North American Network Operators Group

Date Prev | Date Next | Date Index | Thread Index | Author Index | Historical

RE: and other impatient Postfix mailers everywhere(fwd)

  • From: Joe Shaw
  • Date: Fri Aug 03 01:43:27 2001

On Thu, 2 Aug 2001, Mitch Halmu wrote:

> > Whatever.  If you find the service valuable, then you'll pay for it, if
> > you don't, then don't use it and go away.
> Valuable? Hehe. FYI, NetSide is on the MAPS RSS blackhole list:

Mitch, some of us would say that anyone who is there because of operating
an open relay is a good thing.

> A detailed account of our "crimes"...

And enough paranoid rambling about giving up control of your network to
Vixie and the government to make even me think you're a loon.  You also
talk about how things have always been.  Lord knows that The Internet has
not evolved over the past 6 years, right Mitch?  The argument that
sendmail has by default traditionally been implemented in an open relay
configuration or that sysadmins are too lazy to change the default config
are not strong arguments for your cause as there are technological
improvements to the existing standards that make it possible to relay
messages for remote users without running an open relay.  Cry all you
want, but the times have changed, and you either evolve or you die.  And
on a related note, I'm assuming that since you're unwilling to support
things like SMTP auth that you're also not willing to implement such
privacy ensuring technologies like TLS or POP w/ SSL.  And if you are
willing to support those new technologies, why not SMTP auth?

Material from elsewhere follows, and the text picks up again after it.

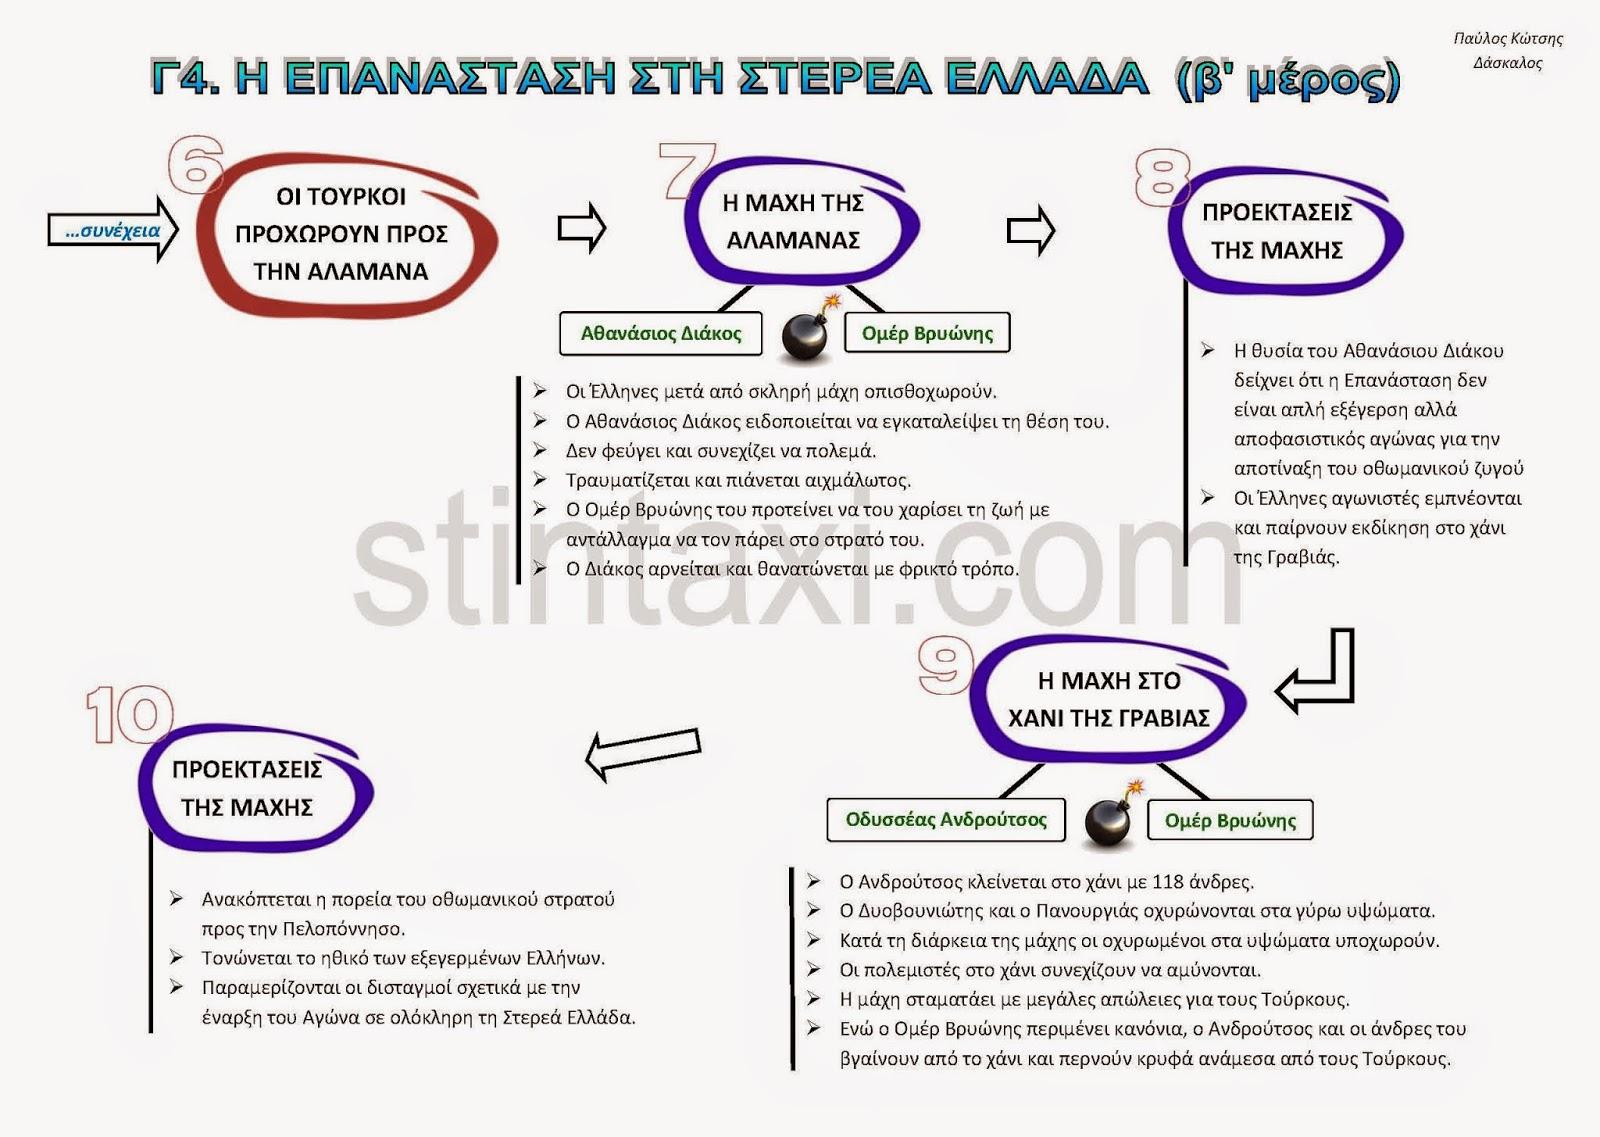 http://www.stintaxi.com/uploads/1/3/1/0/13100858/c4b-epanast-sterea-v2.1.pdf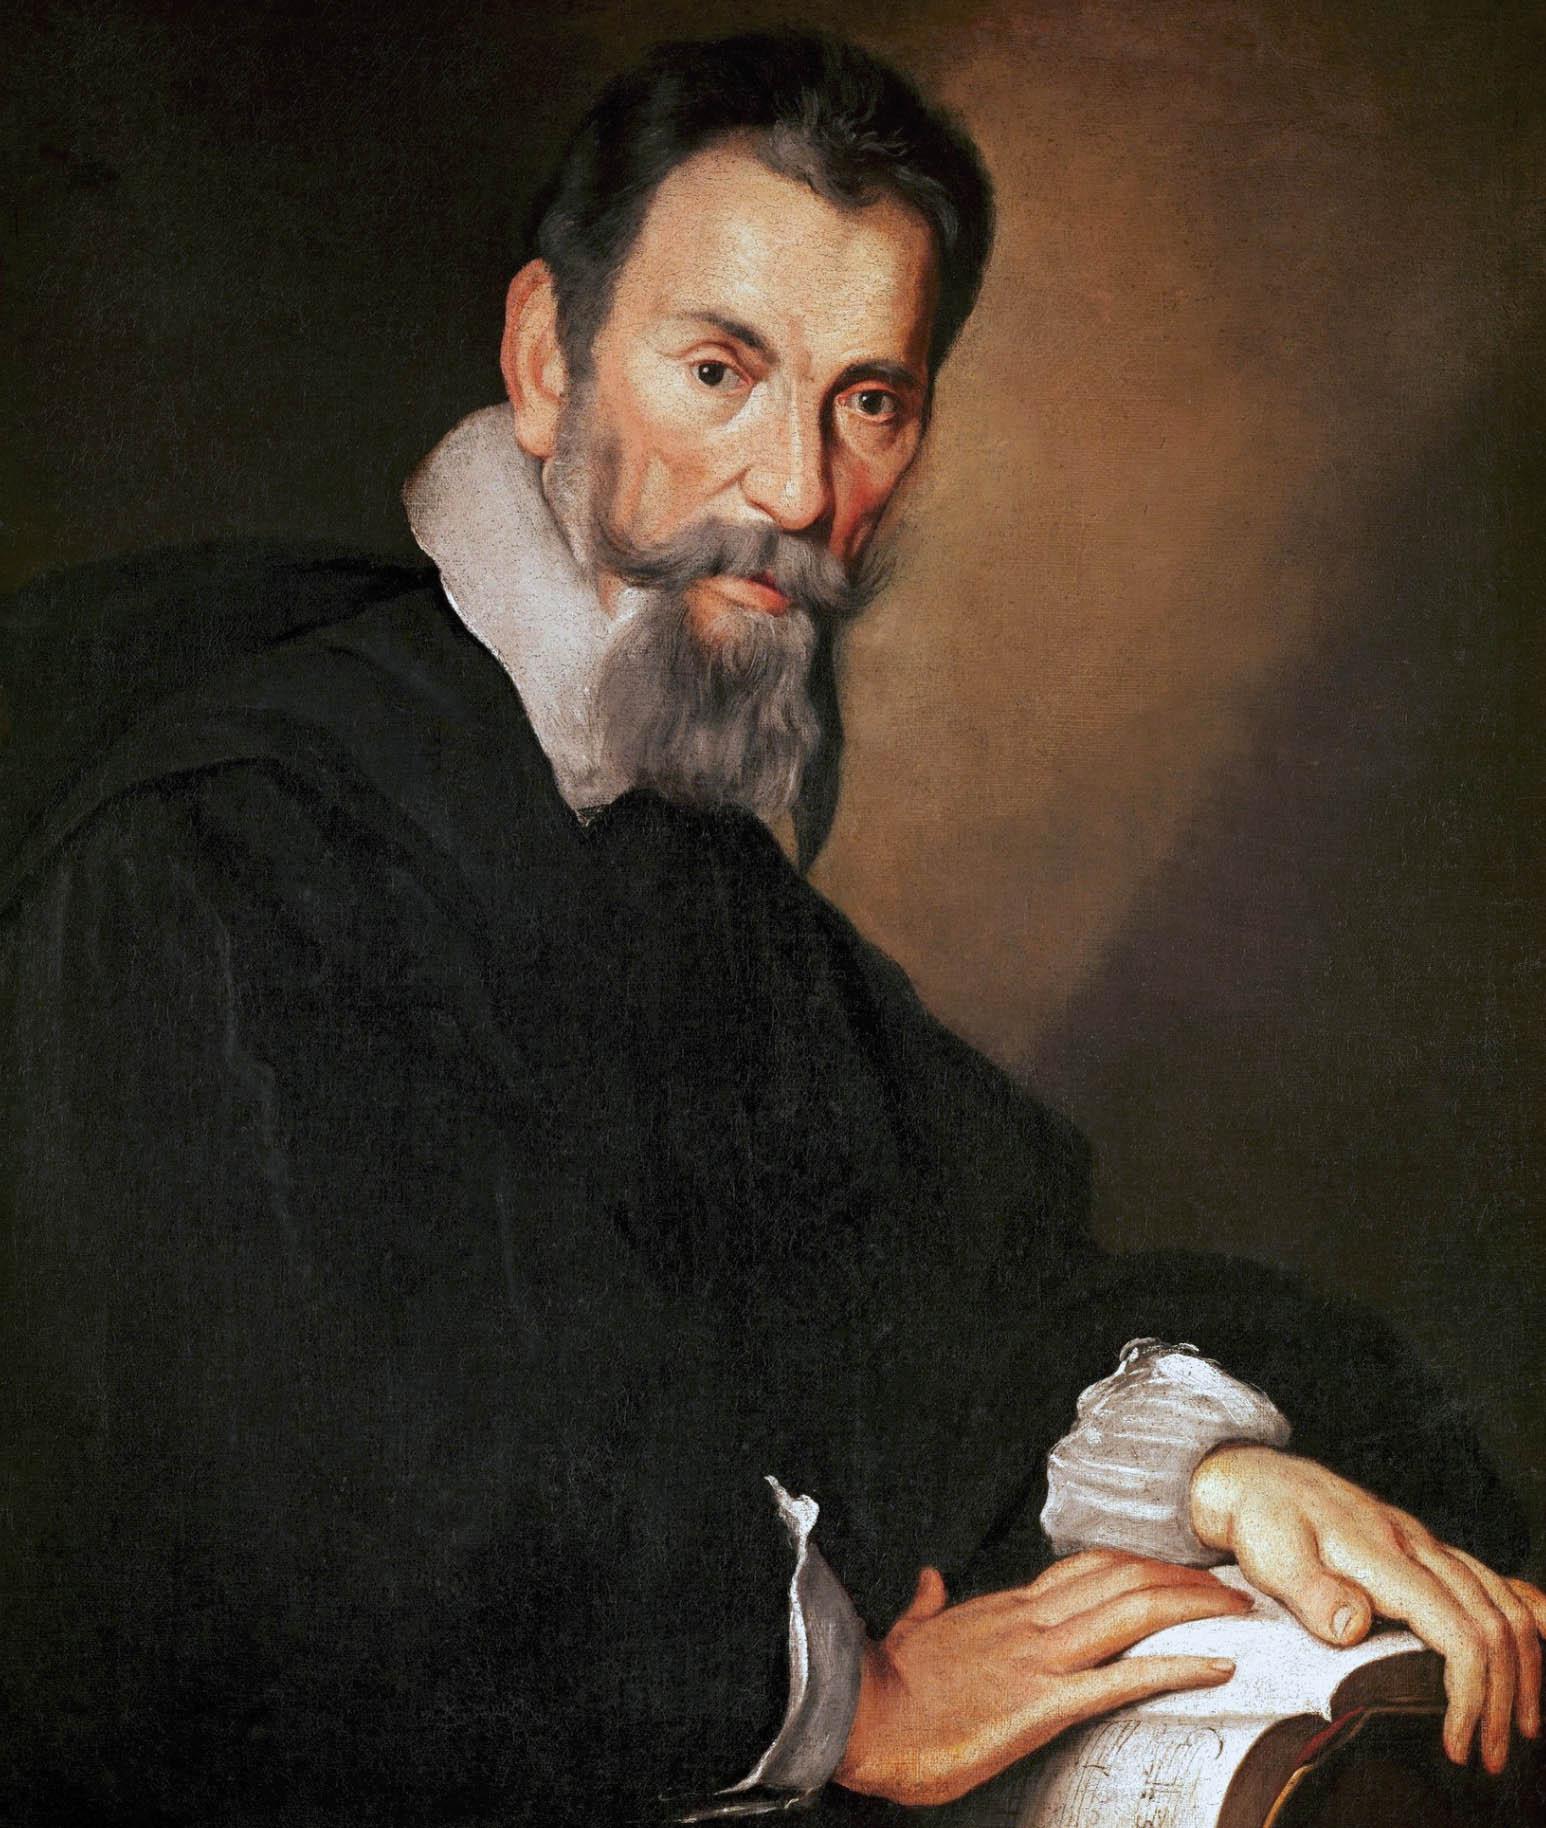 Claudio Monteverdi de Bernardo Strozzi -1640 - Ecole de musique vénitienne

Hell, you're not even protecting your customer's privacy and account
information by allowing people to expn and vrfy accounts via your mail
server.  And even if you turned that off, since you allow mail relaying
from anyone, a person looking to harvest accounts or just get account data
could send an e-mail posing as that person to himself and you'd never be
the wiser.

You want to run an open relay, and that's your right to do so.  It's your
hardware, your software, and your time.  But because you run a mail
server does not mean that The Internet at-large has to accept mail from
you if every goon thinking we need ink jet refills or the latest porn can
send mail through your server that ultimately reaches our inboxes.  We
have the right to use a service that promises to stop that from happening.

If you don't like that, then do something constructive about it other than
whining on NANOG.  Every time you post to NANOG it's either on this
subject directly or you move the topic to talk about it.

Joseph W. Shaw II
Network Security Specialist/CCNA
Unemployed.  Will hack for food.  God Bless.
Apparently I'm overqualified but undereducated to be employed.